População de células humanas Frequencia. De Total de células vivas Contagem de células vivas iNbm # Cells in Population
Controle do mouse
Total de células vivas 100,00% 39,5 x 10 6 39,5 x 10 6
HCD45 + 98,50% 39,5 x 10 6 38,9 x 10 6
Total CD19 + 27,20% 39,5 x 10 6 10,7 x 10 6
Prob 24,20% 39,5 x 10 6 9,56 x 10 6
Pré-b 1,70% 39,5 x 10 6 0,68 x 10 6
Imaturo B 0,83% 39,5 x 10 6 0,33X 10 6
Maduro B 0,68% 39,5 x 10 6 0,27 x 10 6
TSLP + Mouse
Total de células vivas 100,00% 72,0 x 10 6 72,0 x 10 6
HCD45 + 99,30% 72,0 x 10 6 71,5 x 10 6
Total CD19 + 65,10% 72,0 x 10 6 46,8 x 10 6
Prob 60,20% 72,0 x 10 6 43,3 x 10 6
Pré-b 2,70% 72,0 x 10 6 1,92 x 10 6
Imaturo B 1,60% 72,0 x 10 6 0,11 x 10 6
Maduro B 0,40% 72,0 x 10 6 0,29 x 10 6

Tabela 1: Frequência e contagens de subgrupos de células B humanas normais em medula óssea PDX. A frequência (%) de cada subconjunto de células B dentro das células vivas totais foi determinada por análise de citometria de fluxo (ver Figura 5A para a estratégia de gating).

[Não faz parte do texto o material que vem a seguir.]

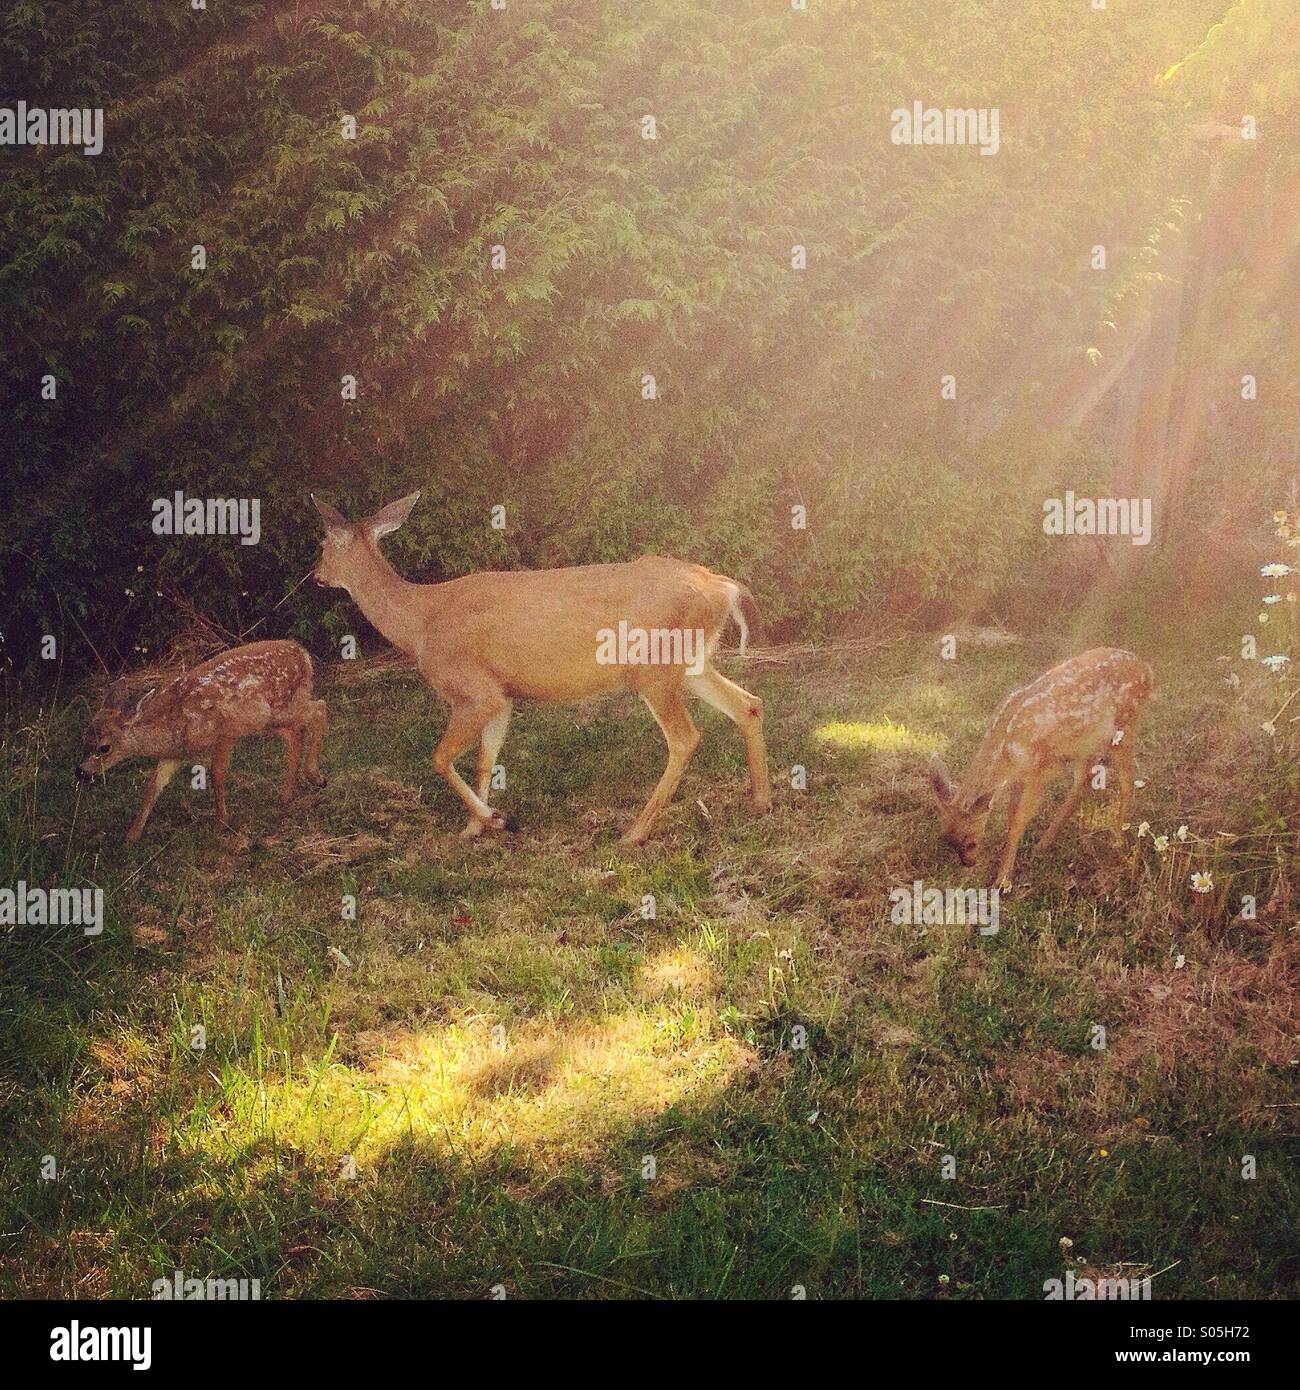 Whitetail doe deer and two cute fawns in grass with golden magical sunbeams streaming down. Stock Photo

Dados de medula óssea representativos de um murganho PDX de controlo (injecções de estroma de controlo recebidas, 5 x 10 6 células / semana) e um rato TSLP + PDX (injecções de estroma TSLP recebidas, 5 x 10 6 células / semana). As contagens totais de células BM vivas foram registadas na eutanásia e a citometria de fluxo de imuno-fenotipagem foi utilizada para avaliar a frequência do subconjunto (%) e calcular o tamanho de cada população de subconjuntos de células B (subconjunto de contagem de células =Células vivas "x" subconjunto frequência ").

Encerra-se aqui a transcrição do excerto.